Information given »
************
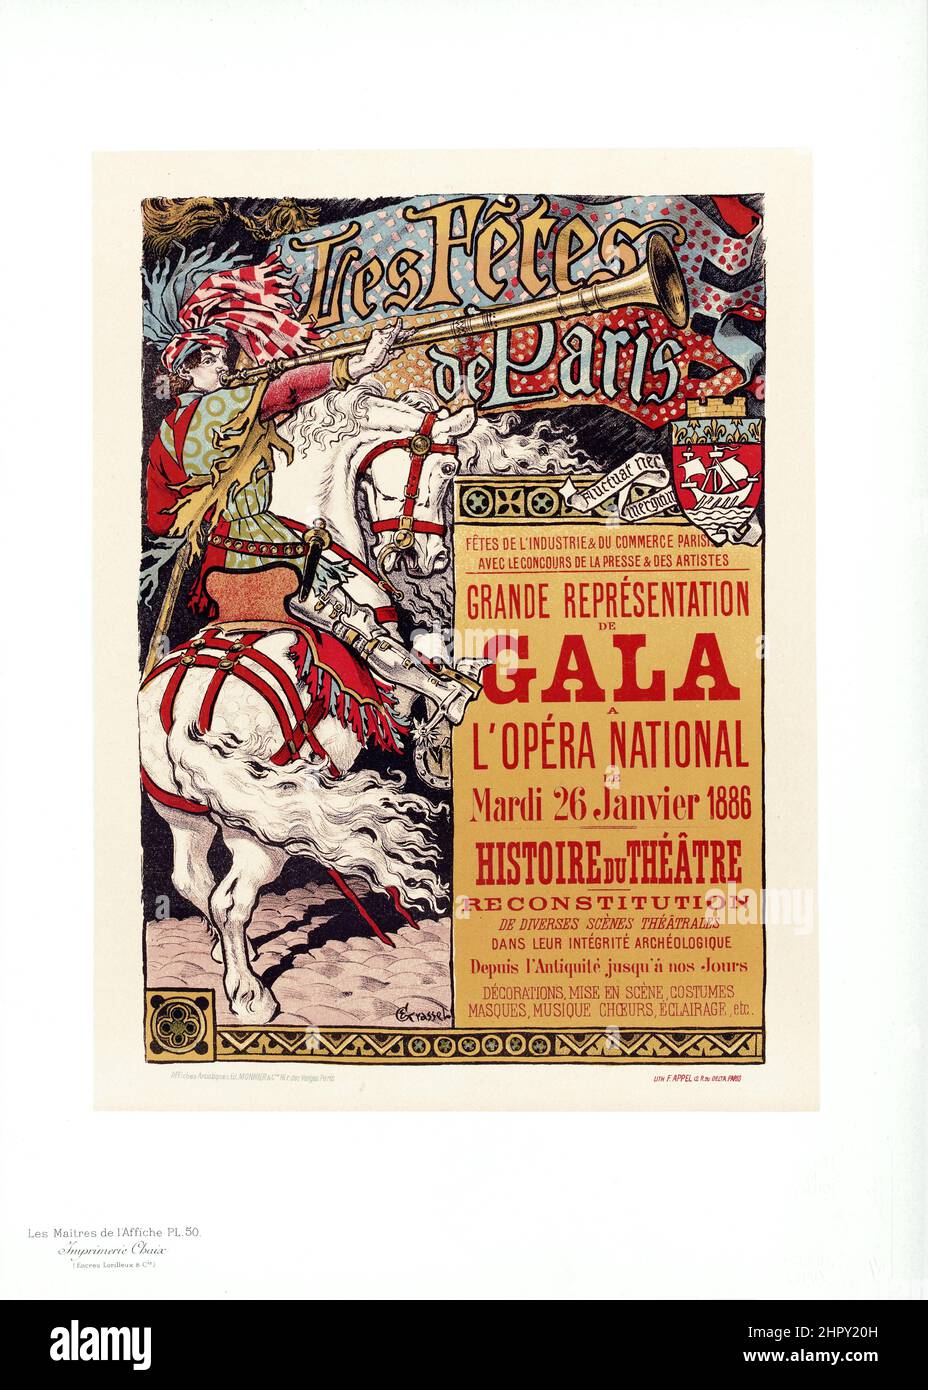 Maitres de l'affiche Vol 2 - Plate 50 - Eugene Grasse - Grande rappresentazione de Gala l'Opera National. Tres Fetes de Paris. 1886. Foto Stock
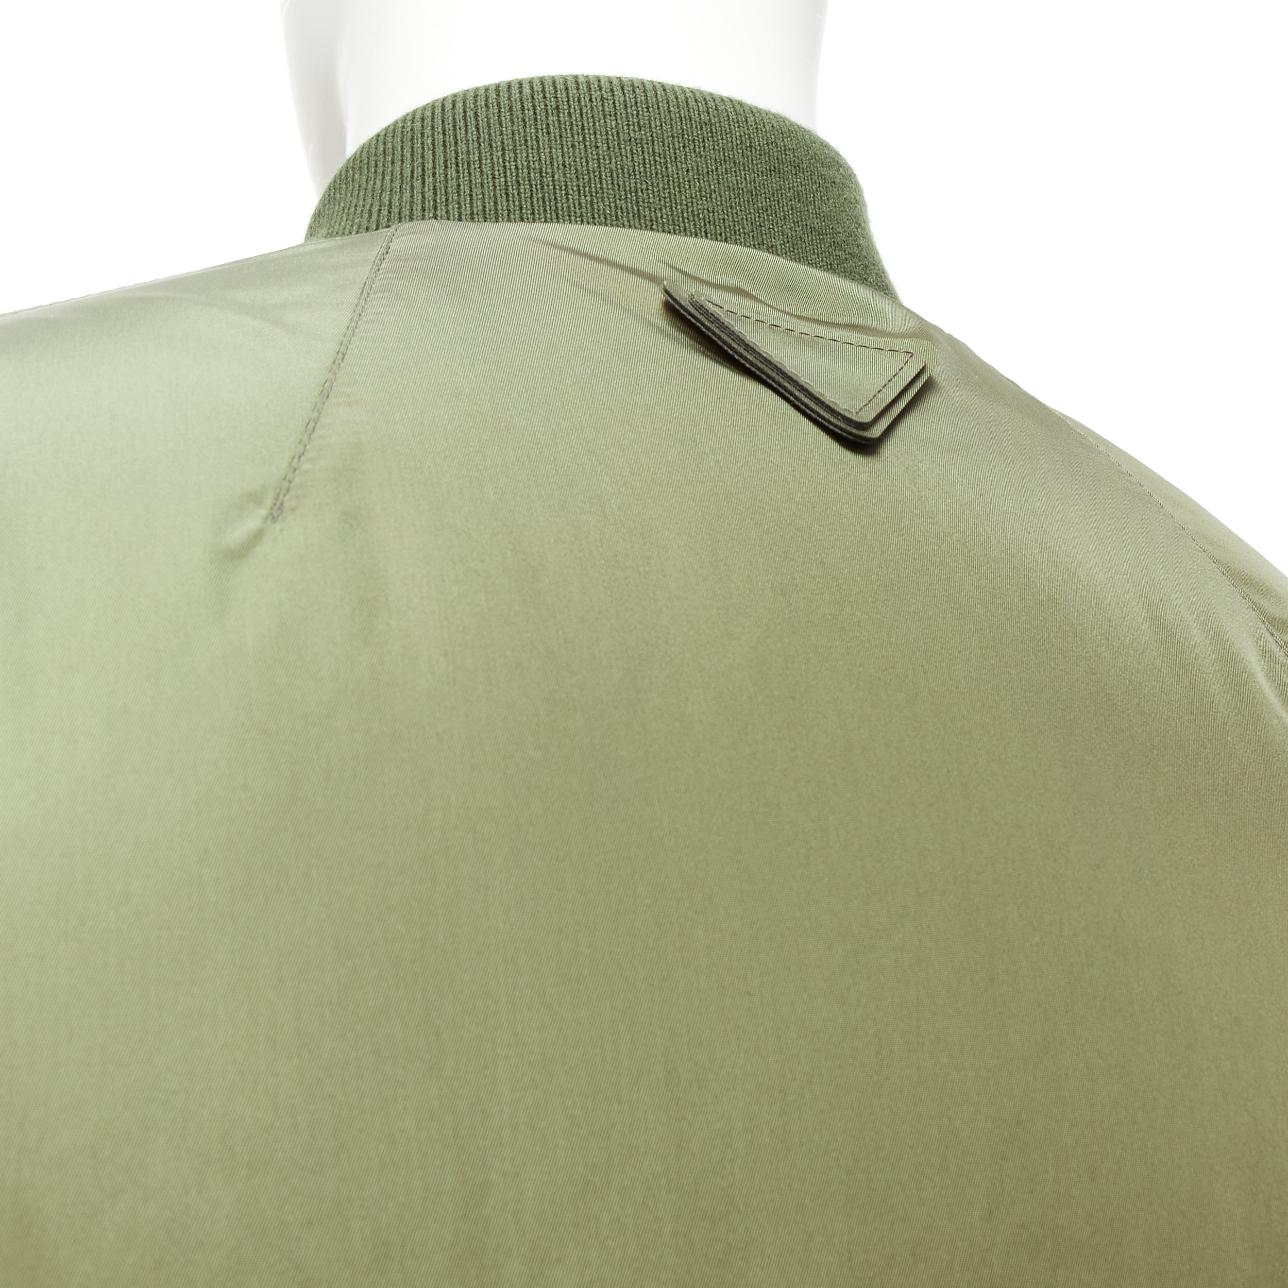 PRADA 2023 Runway green nylon cropped cocoon puffer bomber jacket M
Reference: TGAS/D01080
Brand: Prada
Designer: Miuccia Prada
Collection: Uomo 2023 Look 24 - Runway
Material: Nylon
Color: Khaki, Silver
Pattern: Solid
Closure: Zip
Lining: Orange
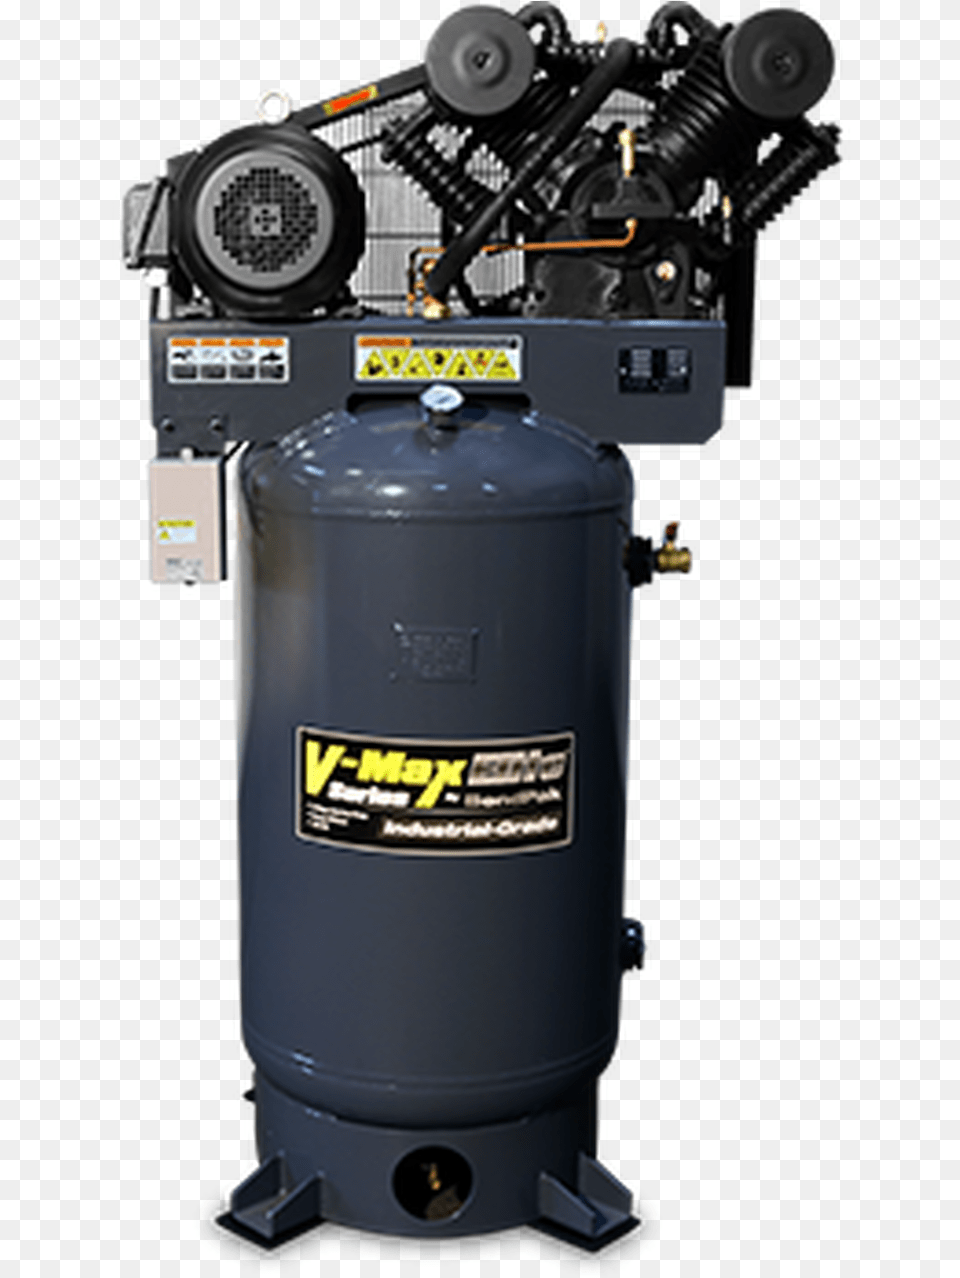 Bendpak V Max Elite Auto Shop Air Compressor, Machine Free Png Download
************
Instructions to follow »
Nothing in the entries above should change when they are printed again, except that the pictures are dropped.

Finished exercise »
 Maitres de l'affiche Vol 2 - Plate 50 - Eugene Grasse - Grande rappresentazione de Gala l'Opera National. Tres Fetes de Paris. 1886. Foto Stock
 PRADA 2023 Runway green nylon cropped cocoon puffer bomber jacket M
Reference: TGAS/D01080
Brand: Prada
Designer: Miuccia Prada
Collection: Uomo 2023 Look 24 - Runway
Material: Nylon
Color: Khaki, Silver
Pattern: Solid
Closure: Zip
Lining: Orange
 Bendpak V Max Elite Auto Shop Air Compressor, Machine Free Png Download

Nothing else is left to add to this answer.